A $27 billion budget surplus sparks excitement on Capitol Hill. Our students should take advantage of it.


Comptroller Glen Hegar’s recent announcement of the unprecedented $27 billion budget surplus has generated a lot of excitement around the Texas Capitol. Almost immediately, heads of state began tossing around ideas on how best to use the funds. Leading experts on public education policy and funding agree that several funding options could dramatically improve the lives of Texans for years to come — and we believe young Texans should be a priority. We need to invest in the 5.4 million students who are the future of our state, and as public school finance experts, we have some recommendations.

First, in light of record inflation, we are proposing an increase in the dollar amount per student, also known around Capitol Hill as the basic allowance. This would benefit all students in all public schools in Texas. Prior to the changes instituted by HB 3 in 2019, this base allocation remained unchanged for four years.
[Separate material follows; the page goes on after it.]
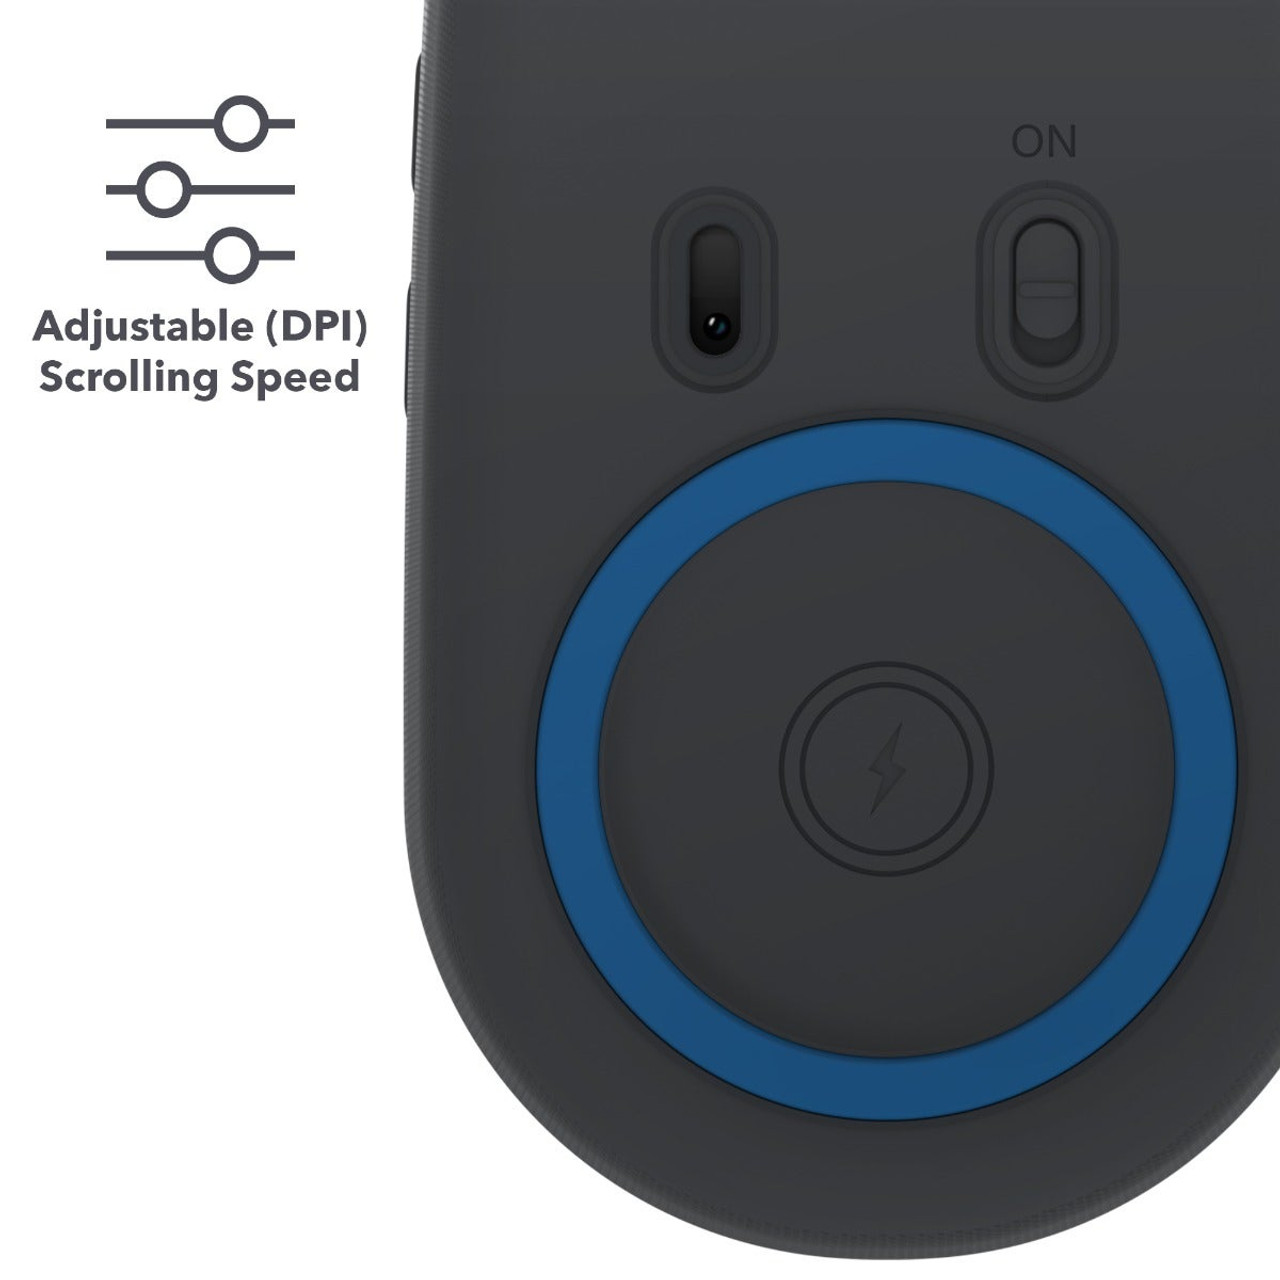 Chuột không dây Zagg Pro Mouse - sạc không dây chuẩn Qi - bảo hành 1 năm - hàng chính hãng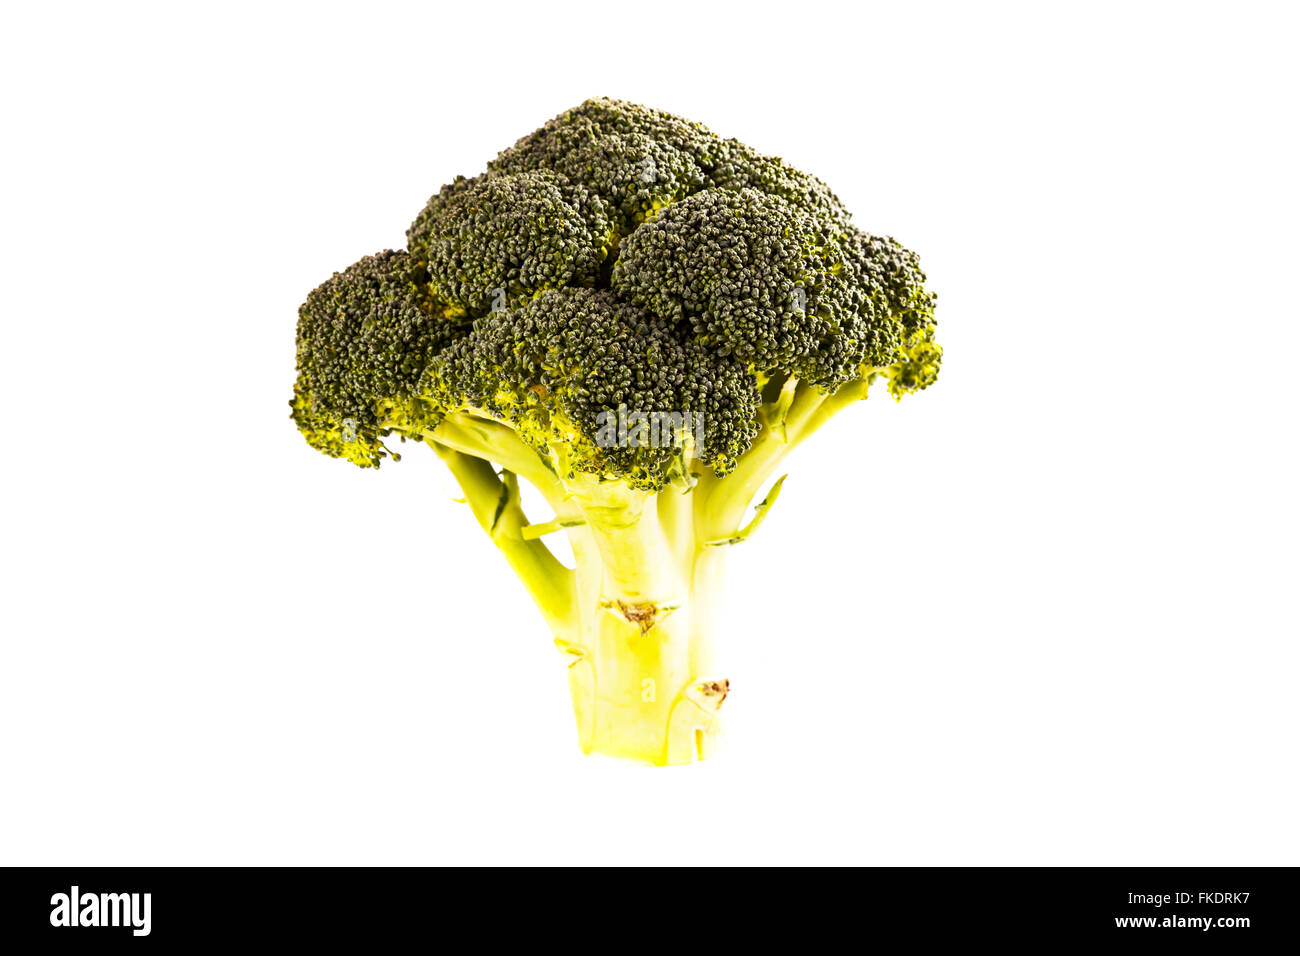 Broccoli ortaggio stelo verde alimentare verdi tagliati ritaglio sfondo bianco isolato Foto Stock

Although HB 3 increased the base allowance by $1,020, inflation has since reduced the value of this increase, so we recommend that the state base the allowance on the Texas Consumer Price Index published by the controller. This measure tracks the average change in the price of consumer goods; it is a reflection of inflation and the general health of the economy. By permanently tying attribution to this metric, we can fund the true cost of education in current and future economic climates and provide Texas schools with additional resources to better serve their students, especially those who come from households educationally disadvantaged.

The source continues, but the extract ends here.